◆ Work order
Bring together copies of the lines in the data below that contain the word "Ceramica".

◆ Extracted information
+-------+
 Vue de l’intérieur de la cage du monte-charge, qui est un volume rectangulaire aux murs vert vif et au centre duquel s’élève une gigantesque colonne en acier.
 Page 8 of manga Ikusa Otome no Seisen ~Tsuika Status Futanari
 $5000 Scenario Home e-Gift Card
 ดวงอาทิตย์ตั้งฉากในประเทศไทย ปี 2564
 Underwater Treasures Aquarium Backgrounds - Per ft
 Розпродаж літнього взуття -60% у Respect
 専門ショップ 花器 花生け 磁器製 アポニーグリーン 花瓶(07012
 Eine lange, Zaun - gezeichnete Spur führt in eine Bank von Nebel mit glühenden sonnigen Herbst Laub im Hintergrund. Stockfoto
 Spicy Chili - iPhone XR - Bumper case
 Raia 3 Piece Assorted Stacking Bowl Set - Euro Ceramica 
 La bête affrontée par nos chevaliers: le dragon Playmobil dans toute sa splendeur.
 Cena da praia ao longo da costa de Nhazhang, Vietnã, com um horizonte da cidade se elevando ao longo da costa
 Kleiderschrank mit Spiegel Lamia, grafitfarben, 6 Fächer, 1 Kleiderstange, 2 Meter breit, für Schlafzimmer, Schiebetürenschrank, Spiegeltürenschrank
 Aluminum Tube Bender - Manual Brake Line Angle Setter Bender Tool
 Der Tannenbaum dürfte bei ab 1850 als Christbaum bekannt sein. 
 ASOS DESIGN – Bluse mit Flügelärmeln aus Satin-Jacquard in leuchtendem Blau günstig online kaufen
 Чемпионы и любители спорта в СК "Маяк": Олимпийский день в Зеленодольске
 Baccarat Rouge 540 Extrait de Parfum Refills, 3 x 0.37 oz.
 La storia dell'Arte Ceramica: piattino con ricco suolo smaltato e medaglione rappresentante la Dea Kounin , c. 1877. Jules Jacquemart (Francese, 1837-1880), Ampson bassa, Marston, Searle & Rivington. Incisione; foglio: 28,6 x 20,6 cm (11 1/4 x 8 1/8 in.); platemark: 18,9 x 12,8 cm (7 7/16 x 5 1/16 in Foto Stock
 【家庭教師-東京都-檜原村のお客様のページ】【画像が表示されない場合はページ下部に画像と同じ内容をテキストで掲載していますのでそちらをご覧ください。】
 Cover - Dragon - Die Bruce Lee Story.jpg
+-------+
◆ Task answer
 Raia 3 Piece Assorted Stacking Bowl Set - Euro Ceramica 
 La storia dell'Arte Ceramica: piattino con ricco suolo smaltato e medaglione rappresentante la Dea Kounin , c. 1877. Jules Jacquemart (Francese, 1837-1880), Ampson bassa, Marston, Searle & Rivington. Incisione; foglio: 28,6 x 20,6 cm (11 1/4 x 8 1/8 in.); platemark: 18,9 x 12,8 cm (7 7/16 x 5 1/16 in Foto Stock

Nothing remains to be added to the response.